I'm new to this forum and wondered if any of you know where I can purchase low-tack adhesive vinyl to use on my Roland GX-24 on a roll?

I'm going to be getting in to indoor wall decals/sayings and need a vinyl that has an adhesive back, but is removable so it will not damage the drywall or remove paint when removed at a later time, BUT, will stay in place until removed.

Any ideas? Am I looking in the right place?
I think it might be called "pressure sensitive sign vinyl", but not sure.

Thanks!


----------



## out da box (May 1, 2007)

I just got a sample of avery wall graphic vinyl. It's the printable kind- not sure of the product number. It's removable fathead type product.
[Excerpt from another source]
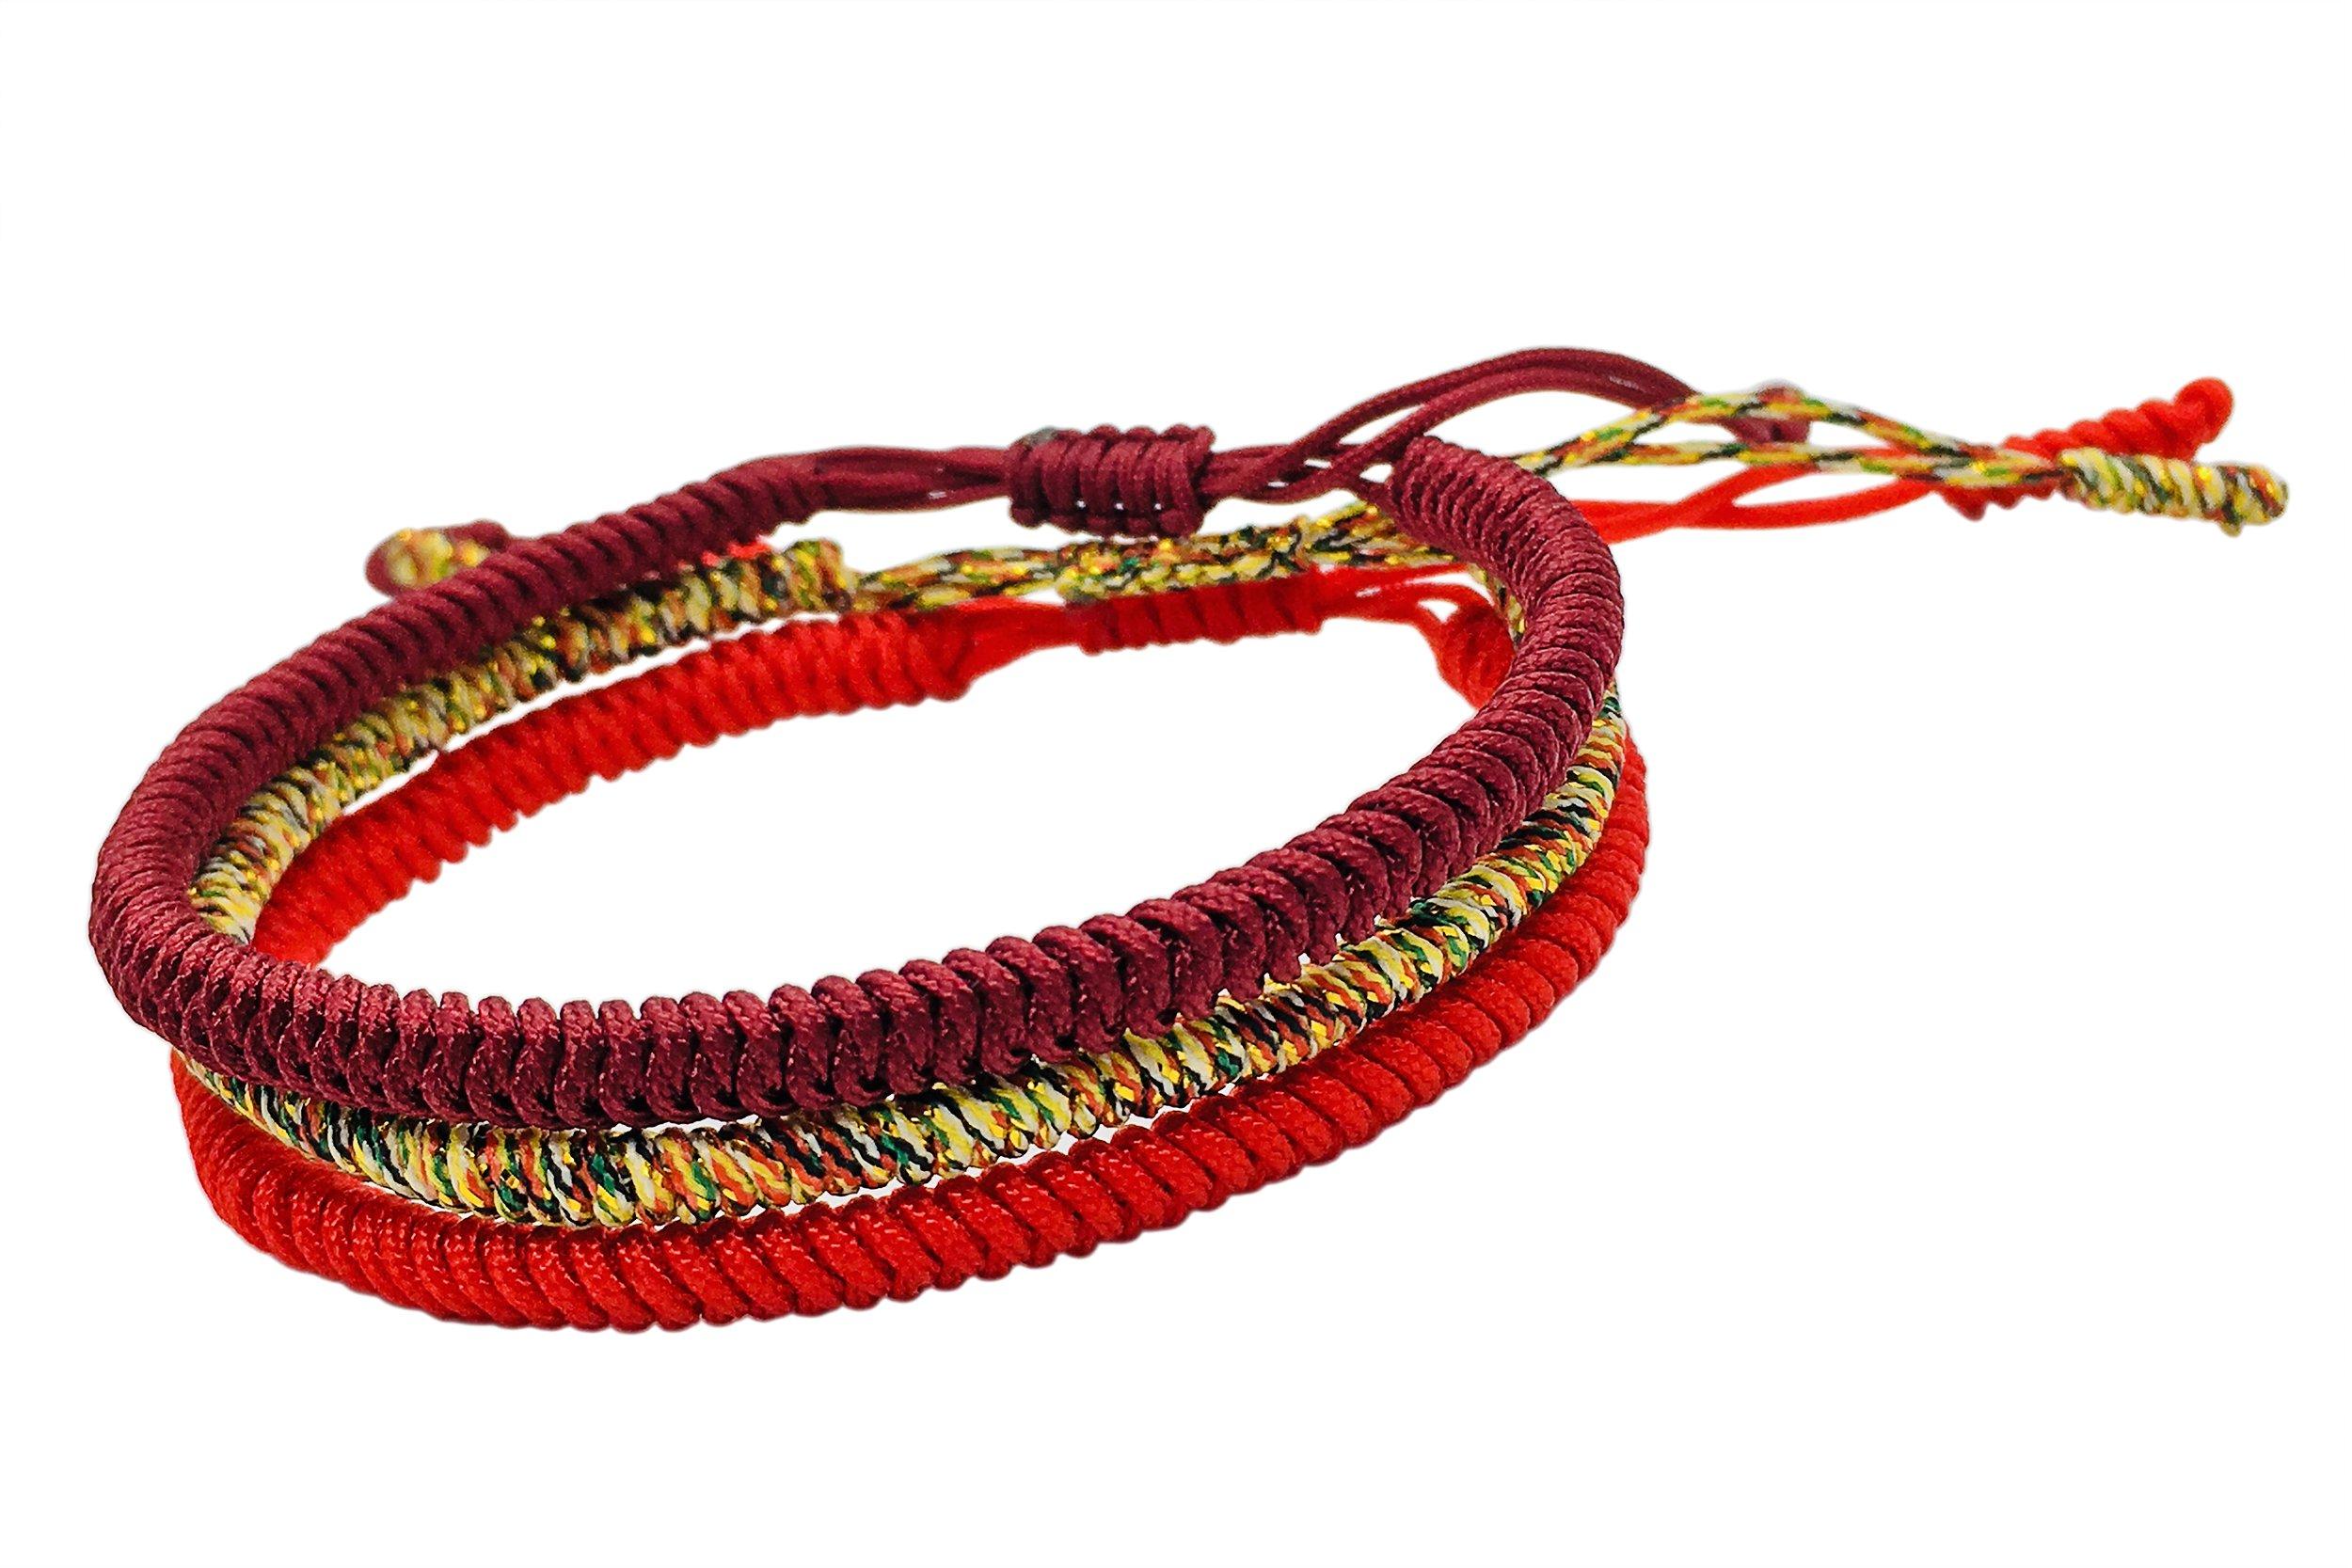 Tibetan Buddhist Handmade Lucky Knot Rope Bracelet (Set of 3 - Red, Deep Red, Multi-Golden)

If you're doing text, I dont know how you would remove and then reposition individual type.


----------



## jiarby (Feb 8, 2007)

Oracal 631....matte, removable adhesive. 
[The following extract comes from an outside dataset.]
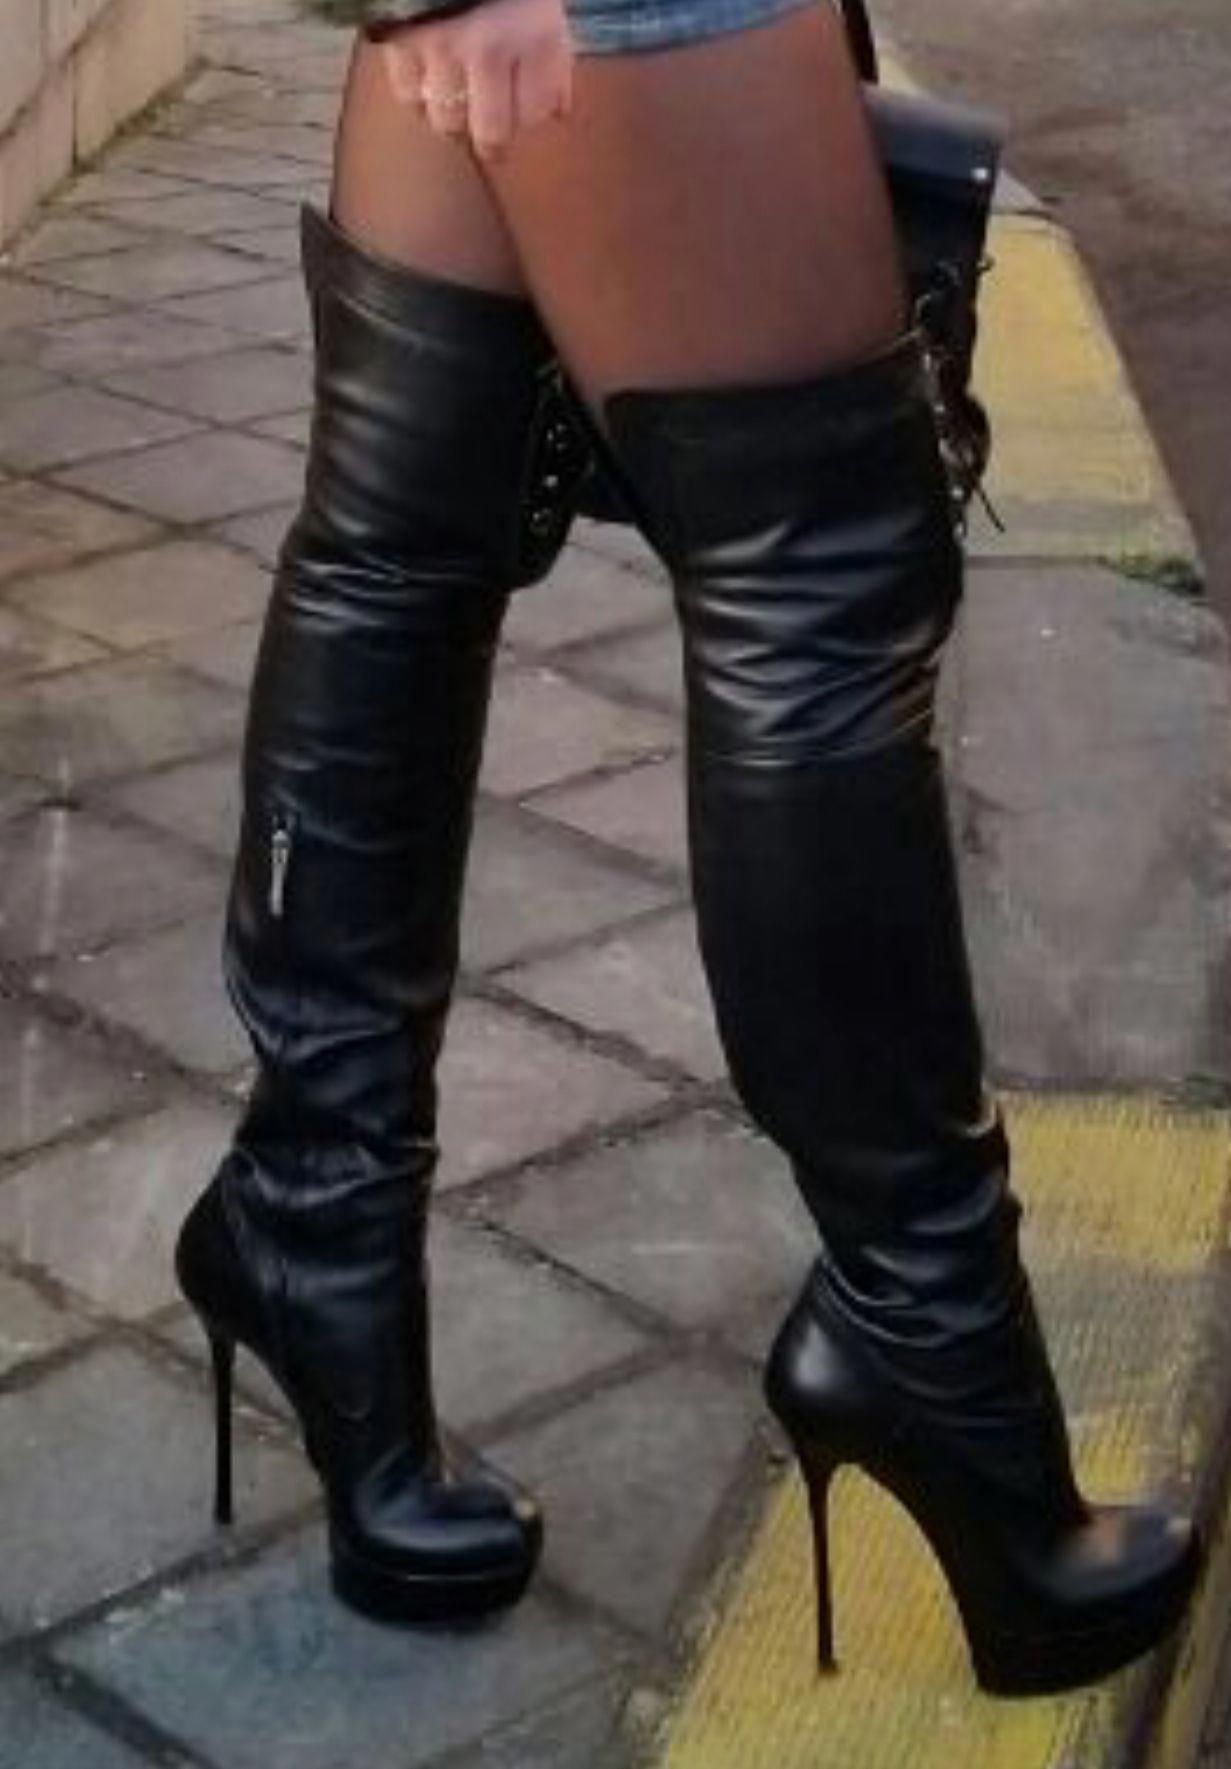 Pin on Platform high heels

your friendly neighborhood sign supplies wholesaler has it or will order it for you.


----------



## ffokazak (Feb 23, 2006)

Just use cheep Avery A6 

You can get it off with a heat gun/ blow dryer without damaging the paint.


----------



## Heidisp (Nov 12, 2007)

I use the oracal 631. comes right off and leaves no residue.


----------



## Heidisp (Nov 12, 2007)

absolutely that's what I use.


----------



## bigduke1022 (Nov 5, 2008)

Oracal also makes a specific masking for the 631. You may look into that if you have problems getting the 631 to release from the mask.


----------



## deenastee (Mar 31, 2006)

try this stuff Photo Tex Group Inc. its awesome, its just like the fathead material and you can print it with any inkjet printer. i wrote them and they sent me a sample roll to play with.its kinda tuf to get your colors correct,but once you do you will be very pleased with the results.let me know how you make out.


----------



## sliq (Feb 4, 2009)

Thanks.
I'm looking for a vinyl to cut on my Roland GX-24 cutter, so I don't need to print on the material. Just cut it.
I would be using the material for sayings on walls like you'd find at http://secure.wonderfulgraffiti.com/products/view/15 and it would need to stay in place for years, but still peel off with your finger nails w/out damaging the drywall or paint and leave no residue.

I did contact a distributor I found on Oracal's website and they sent me an email saying that the 631 is a permanent vinyl and will damage the wall and paint if removed. So, I'm confused if this is the product I need.

Thoughts? Thanks!


----------



## theflowerboxx (Mar 26, 2007)

I've had 631 on my wall for 6 months and pulled it off without any problems or residue left behind. Not disputing the company, just saying what I experienced.


----------



## deenastee (Mar 31, 2006)

ok,now i understand what you need, i dont think the phototex is the product you need then. hmmmm. im not sure what you can use...sorry i couldnt be of more help.


----------



## splathead (Dec 4, 2005)

sliq said:


> I did contact a distributor I found on Oracal's website and they sent me an email saying that the 631 is a permanent vinyl and will damage the wall and paint if removed. So, I'm confused if this is the product I need.


He's mistaken. Oracal's own website states the 631 is removable vinyl.


----------



## theiss2200 (Feb 25, 2011)

I know this is a very old post. I am going to be doing the same thing, is the Orcal 631 restickable also? or once it is off it is done?


----------



## JBuchanan (Jan 26, 2010)

No not reusable.


----------



## idonaldson (Sep 29, 2008)

everyone - removable is not necessarily reusuable. The options I know of are mainly print/cut. I guess the demand is not their for single color. I do believe it is low enough pricewise to make it use once and toss and if you relocate prior to squeeging you ok on a few placements.


----------



## Corel Whisperer (Sep 1, 2010)

idonaldson said:


> everyone - removable is not necessarily reusuable. The options I know of are mainly print/cut. I guess the demand is not their for single color. I do believe it is low enough pricewise to make it use once and toss and if you relocate prior to squeeging you ok on a few placements.


Google Oracal 631 Removable Viny for wall graphics and you will find a list of companies that sell it in a bunch of different colors. This is what is being use for applying the saying to walls. Good Luck


----------